Kedua, dalam kegiatan sangkep (Rapat desa), perempuan tak memiliki hak bersuara dan laki-laki lah yang memutuskan perkara dalam rapat. Kemudian, perempuan yang menjalani keputusan tersebut.

"Dalam adat Bali, suara perempuan tidak begitu didengarkan. Hal ini terlihat dari sangkep yang di kebanyakan desa, hanya laki-laki yang boleh mengambil keputusan. Para perempuan cukup diam di rumah dan mengikuti saja apa yang sudah diputuskan oleh para laki-laki. Padahal perempuan Bali juga adalah manusia yang sudah seharusnya setara dalam hal pengambilan keputusan yang juga bagian dari dirinya," jelas Nanda.

Ketiga, sistem purusa dalam adat telah mempersulit perempuan dalam menghadapi kekerasan rumah tangga. Berkaca kepada Darmi, Nanda mengamini adanya keyakinan dalam masyarakat Bali bahwa begitu hinanya menjadi seorang janda yang harus kembali ke rumahnya. Sementara pada saat pernikahan, ia telah melakukan ritual upacara pamit.

"Sistem purusa dalam adat Bali menyebabkan seorang istri, ketika dia mengalami KDRT misalnya, akan sangat sulit untuk melepaskan diri dari suaminya, dari keluarga suami. Entah karena alasan takut tidak dapat bertemu anaknya atau takut tidak akan mendapatkan tempat lagi di rumahnya karena sudah mepamit," kata Nanda.

4. Dari skup terkecil, parenting adalah akar perubahan dari patriarki ke demokrasi keluarga

https://www.youtube.com/embed/eazGTFpKOOA

Keluarga adalah skup terkecil dari masyarakat yang berperan penting dalam mempertahankan budaya patriarki. Nilai-nilai patriarki yang lebih mengagungkan laki-laki, tidak jarang jsutru dilanggengkan oleh perempuan sendiri.

Pengangungan kepada salah satu gender tanpa didasarkan pada kesetaraan, akan melegitimasi nilai-nilai dominasi dan menganggap gender lain yang tak lebih mulia daripadanya, akan dipandang sebagai gender lemah dan harus patuh pada gender yang memiliki dominasi tinggi. Pola parenting yang demokratis akan membentuk dan menanamkan nilai-nilai kesetaraan dalam keluarga.

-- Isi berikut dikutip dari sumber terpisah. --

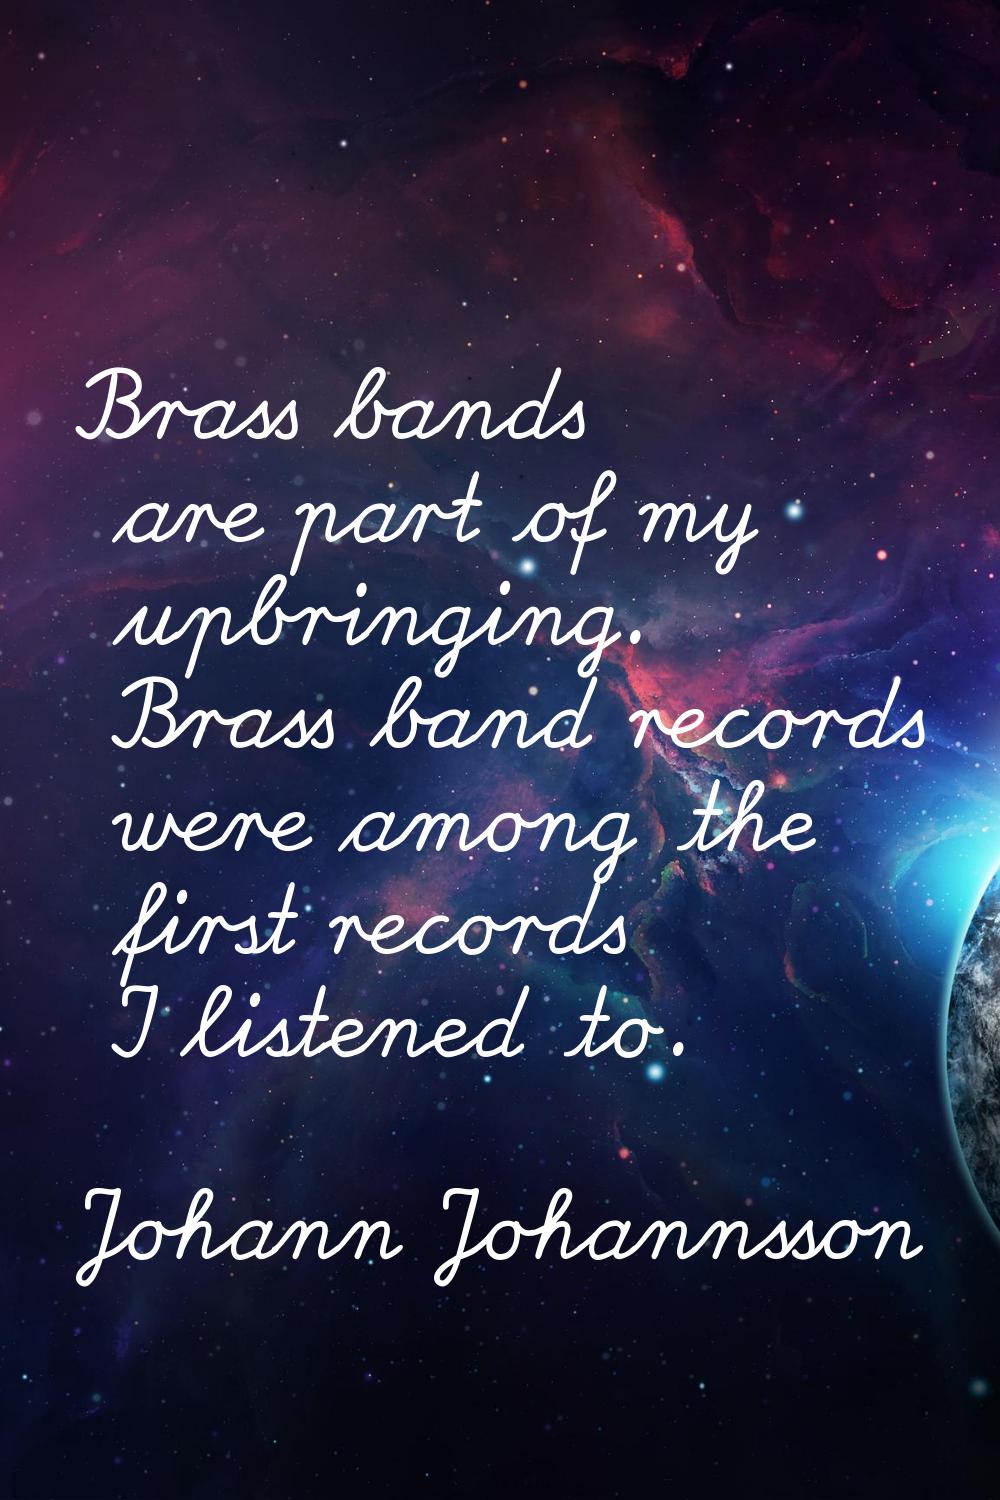 Brass bands are part of my upbringing. Brass band records were among the first records I listened t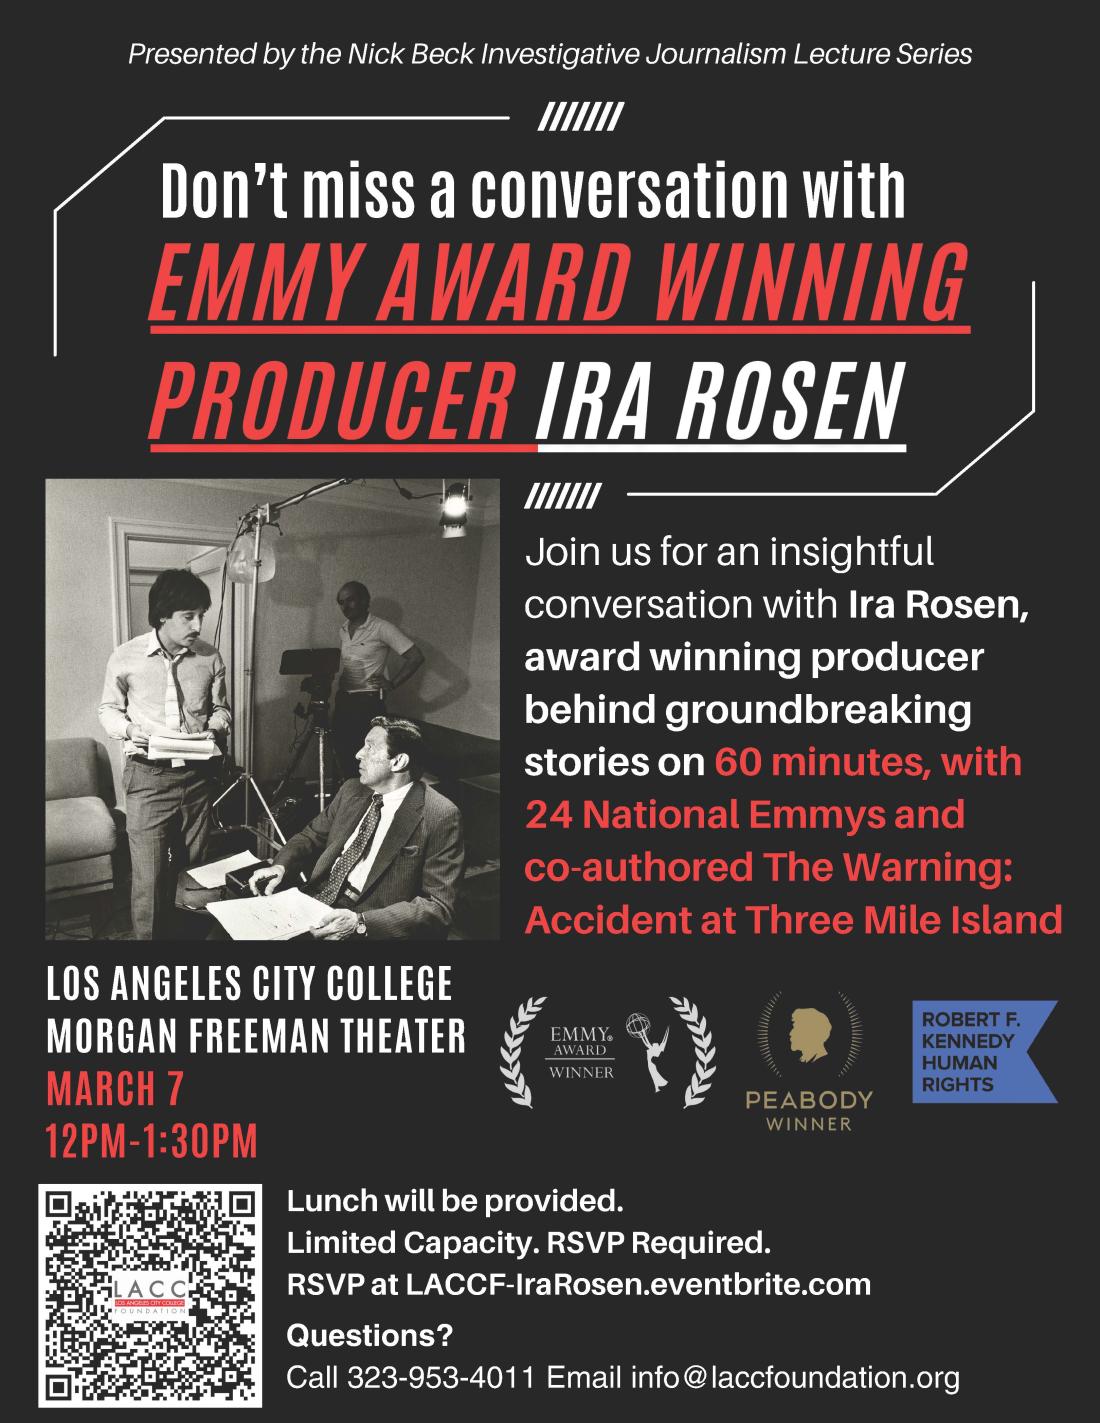 Nick Beck Lecture Series: An Afternoon with Ira Rosen

Indira, peserta diskusi tersebut, menceritakan bagaimana ibunya memberikan kekuasaan berlebih pada saudara laki-lakinya. Tak jarang, Indira sebagai adik, diminta mengayomi sang kakak yang dianggap sebagai gender utama dalam keluarga.

"Ibu saya akan mengambilkan nasi dan lauk ke piring kakak saya. Kemudian menyiapkan minum dan segala kebutuhannya saat makan. Ibu juga tidak akan beranjak dari kursi makan, sebelum melihat kakak saya menghabiskan makanannya. Ketika ibu pergi, saya diminta menyiapkan makanan dan kebutuhan kakak lainnya. Padahal, kakak saya bisa dan mampu memenuhi kebutuhannya sendiri di rumah tanpa harus saya yang membantunya," kata Indira.

5. Menolak normalisasi patriarki dengan lebih kritis terhadap nilai-nilai adat

Perempuan Bali di Persimpangan Jalan: Diam atau Berani Bersuara?(Dok. Pribadi/Ufiya Amirah)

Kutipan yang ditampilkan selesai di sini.